Josh was pretty dark himself. Dark skin and dark fabric made him blend with shadow so that he wasn’t discernible at all, unless he grinned — in which case the ivory of teeth and the white of eyeballs appeared amazingly out of thin air.
But he wasn’t grinning at the moment. He was grim and watchful.
The cabinet in the shadow in which he was lurking was that containing mummy and mummy case of Taros’ son. Josh was in the Egyptian wing.
He had spent half of last night there, after first receiving The Avenger’s orders. Now, the first half of this night was gone — and nothing had happened.
Josh felt cold, although it wasn’t at all cool in the great stone barracks. He felt cold — and lonely.
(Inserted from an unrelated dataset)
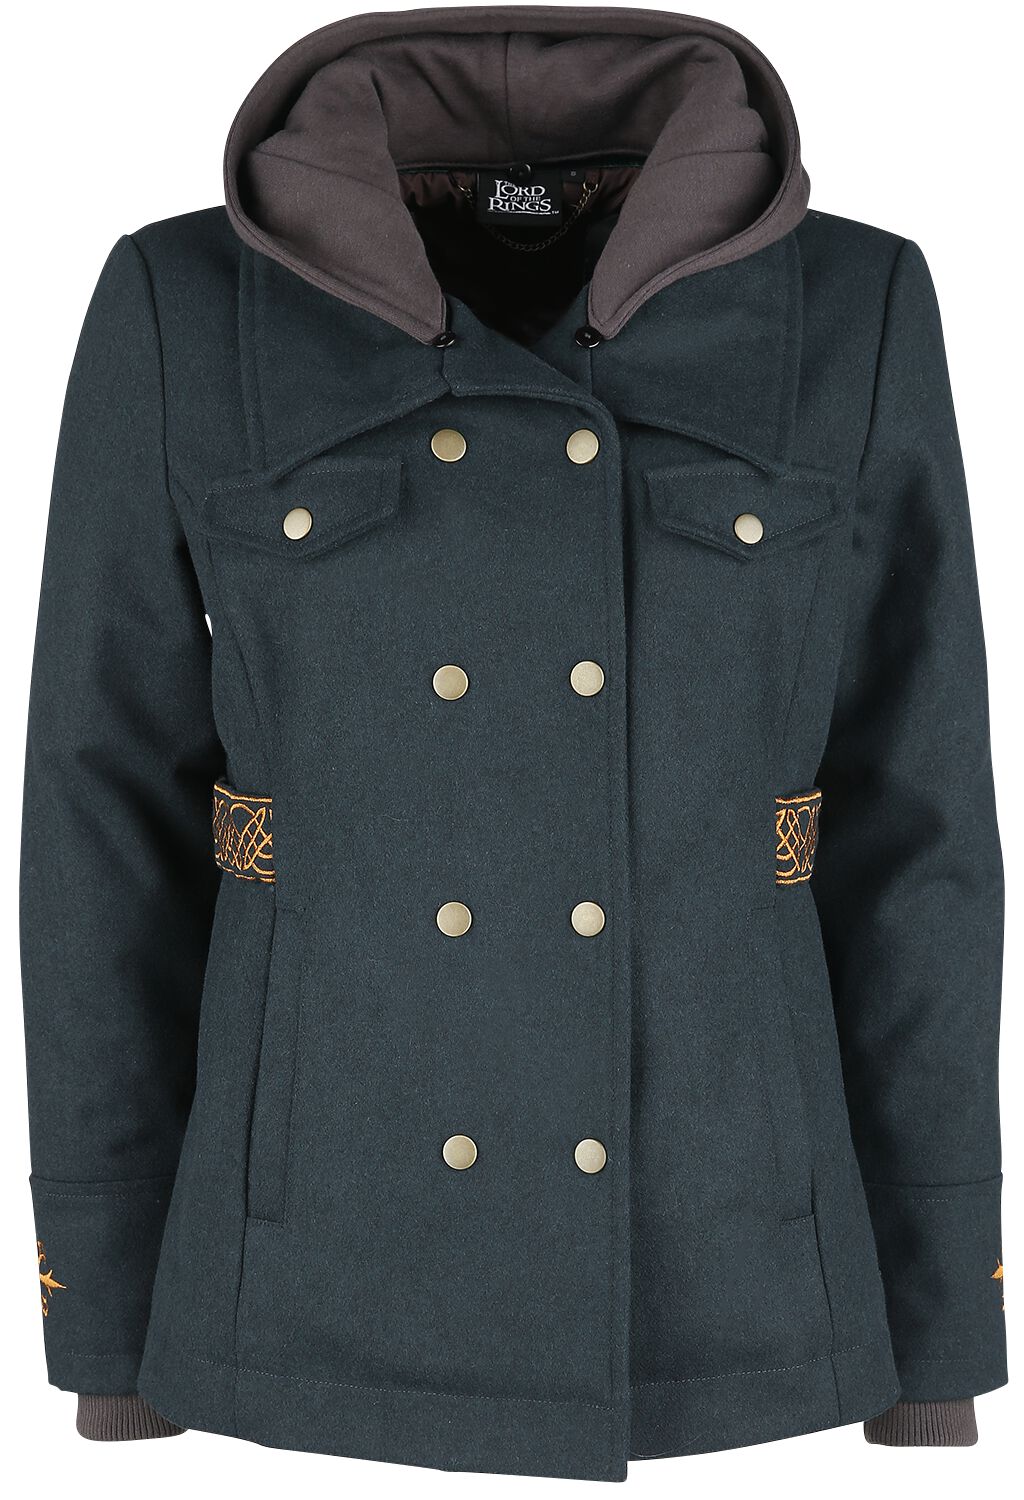 The Lord Of The Rings Rohan Winter Jacket dark green

He was the only soul in the place. The night watchman replacing Casey really had quit after that second hectic night at Braintree. A successor hadn’t been picked up yet. There was just Josh.
Josh had prowled the place on the hour, almost like a conventional night watchman, himself. All windows, all doors, had been covered to make sure no one had tampered with them in the preceding sixty minutes.
The phrase, “all doors,” was misleading, however. There was just one entrance in all the museum. That was the great front entrance with its massive bronze slabs. These had locks a Houdini couldn’t have picked, Josh had decided; and on every round the locks had been untouched.
He had made sure, at about one o’clock in the morning, the last time. Now he was again at the station that seemed to contain most danger.
The Egyptian wing, next to the mummy of Taros’ son.
Josh had thought about the mummy a lot, during the dark hours. There was nothing else to think about.
He had decided that perhaps the thing really had talked; Benson seemed to think so, and the chief was almighty as far as the colored man was concerned. But that the mummy had walked—that was an egg of another breed! That was impossible! Also it was impossible that the mummy ever could have got out of its case. Josh had hung around the cabinet long enough to know that it had not been opened recently — could not have been, or marks would have showed.
The reports of the watchman about the mummy getting out and moving around were simply the figment of an imagination excited by words coming from it.
Josh slid from the shadow at the side of the cabinet and looked into the front of it, through the glass lid. And then Josh bit down hard on a cry.
The mummy case was empty!
It was simply impossible! The mummy had been in there five minutes ago, when he returned from the regular inspection of doors and windows. He had looked hard, to make sure, just five minutes ago.
Now it was gone. There wasn’t even the mummy case in the oak cabinet. That was gone too. There was only black emptiness.
But he had been standing right next to that cabinet during every moment. He had been practically touching it. Nothing had come near it, and — his hair-roots tingled at even the thought — there had been no stirring within it. If there had been, he would have heard.
Yet in that five-minute interval, the mummy had gotten out of its sealed and airtight cabinet!
Josh began to sweat. What next? The watchman had not only told of the mummy’s getting out, but also of its walking. Surely that, at least, had been a delusion.
From the far, blank end of the wing, Josh heard footsteps.